Generating Sum of First 100000 / 1 Million Fibonacci terms in elixir

For a Fibonacci series/sum generation :

defmodule Fib do
	def dofib(0), do: []
	def dofib(n) when is_integer(n), do: dofib(0, 1, n-1)
	def dofib(cur, _, 0), do: [cur]
	def dofib(cur, next, count), do: [cur] ++ dofib(next, cur+next, count-1)
end

# 10000 |> Fib.dofib |> List.foldl(0, &(&1 + &2))

This may work < `100K.

What optimizations or de cluttering is possible here?:

Stream.unfold([1, 0], fn([h|t]=acc)-> {h, [h + List.first(t)|acc]} end) 
|> Stream.take(100000) 
|> Flow.from_enumerable 
|> Flow.partition(stages: 100) 
|> Flow.reduce(fn -> 0 end, fn(n, acc)-> n + acc end) 
|> Flow.departition(fn -> 0 end, &(&1 + &2), &(&1)) 
|> Stream.into(File.stream!("output.txt", [:delayed_write, encoding: :utf8])) 
|> Stream.run 

It fails at 200K.

The key here is to avoid having a complete list of Fibonacci numbers all in memory all at once. Here’s a stream implementation:

  defmodule StreamFib do
    def normal() do
      Stream.unfold(
        {0, 0},
        fn
          {0, 0} -> {1, {0, 1}}
          {f_n2, f_n1} -> {f_n1 + f_n2, {f_n1, f_n1 + f_n2}}
        end
      )
    end

    def partial_sum() do
      Stream.scan(normal(), 0, &(&1 + &2))
    end
  end

Then:

StreamFib.partial_sum() |> Stream.drop(1000000) |> Stream.take(1) |> Enum.to_list() |> hd()

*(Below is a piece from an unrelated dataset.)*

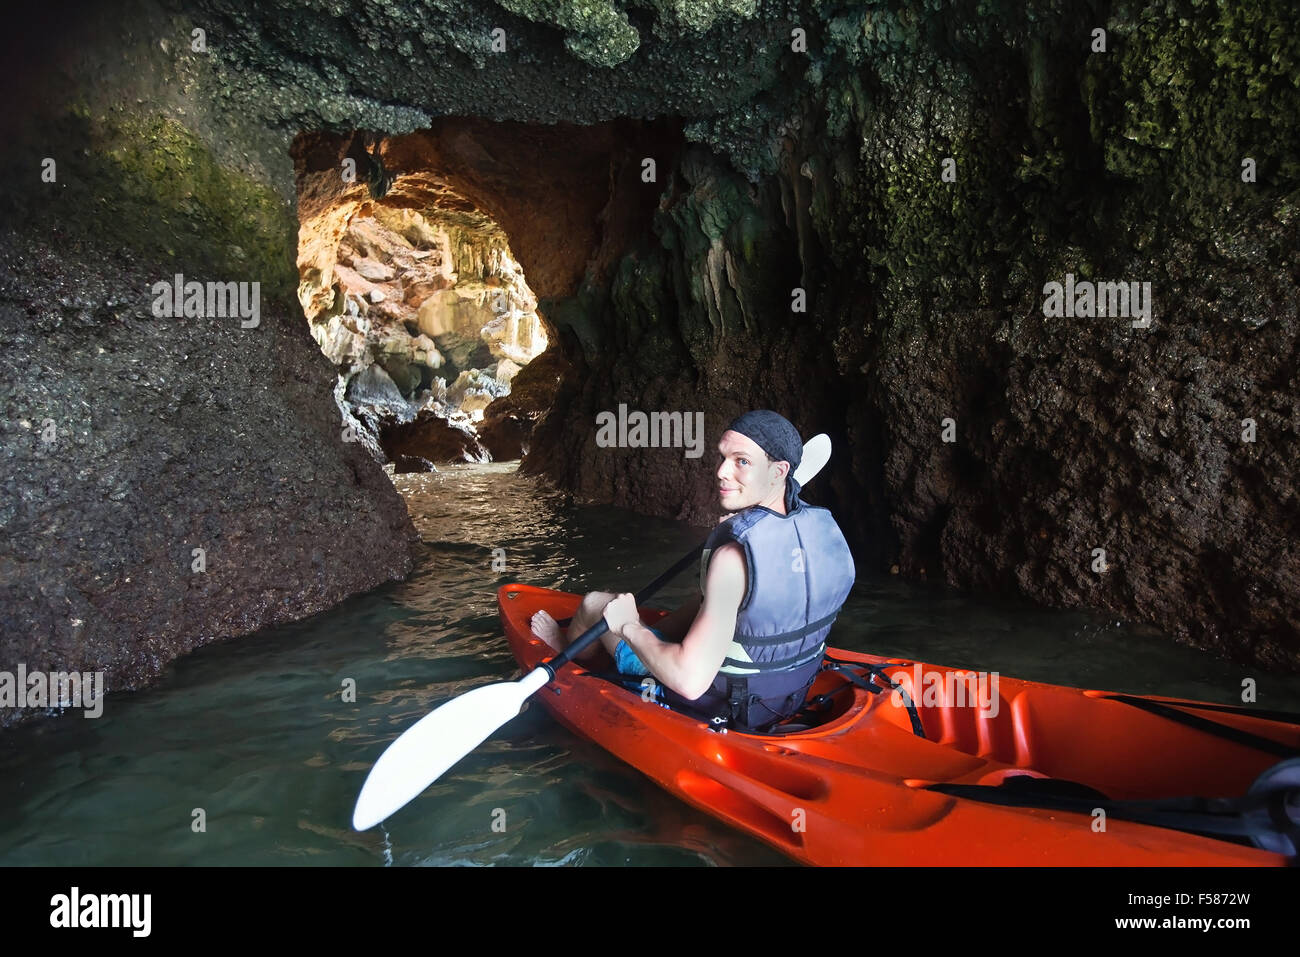 kayaking in the cave, outdoor extreme adventure Stock Photo

will generate the millionth partial sum. At this point, the blocker is the speed of arbitrary-precision arithmetic; the millionth partial sum has 208988 digits!

EDIT:

Two other things to think about:

  • be careful with the exact definition of the sequence, and verify that it starts with the numbers you expect. There are a variety of mathematical definitions that disagree very slightly

  • an even cheaper way to compute the partial sum is to rearrange the terms - see Wikipedia for details

5 Likes

Actually, we don’t need a stream here at all. Plain old good Enum.reduce/3 would perfectly do.

I saw your soln
Do you think stream is an overkill for this kind of linearly dependent problem?

1 Like

Stream is really a problem here I think, even though it might take stress from memory and GC, it adds computational overhead and slowlyness.

Thats why I’d prefer a straight approach of a specialised function:

iex(1)> defmodule Fib do
...(1)>   def sum_fib(n), do: sum_fib(0, 1, n-1, 0)
...(1)>   def sum_fib(_, _, 0, sum), do: sum
...(1)>   def sum_fib(cur, next, n, sum), do: sum_fib(next, cur+next, n-1, sum + cur)
...(1)> end
iex(2)> :timer.tc(Fib, :sum_fib, [100_000]) |> elem(0)
304427
iex(3)> :timer.tc(Fib, :sum_fib, [1_000_000]) |> elem(0)
30884469

Since I hacked this together quickly, I might have missed adding the last fibonacci number, but I do not think it would change much about the timing.

And as you can see the sum of the first million is in ~30 seconds on my machine.

1 Like

Stream is not an overkill, it’s just an absolutely redundant link is the chain. Enum.reduce/3 does not produce the enormously huge list in the memory and processes the input one by one element.

So what particular problem would solve the stream here?—None.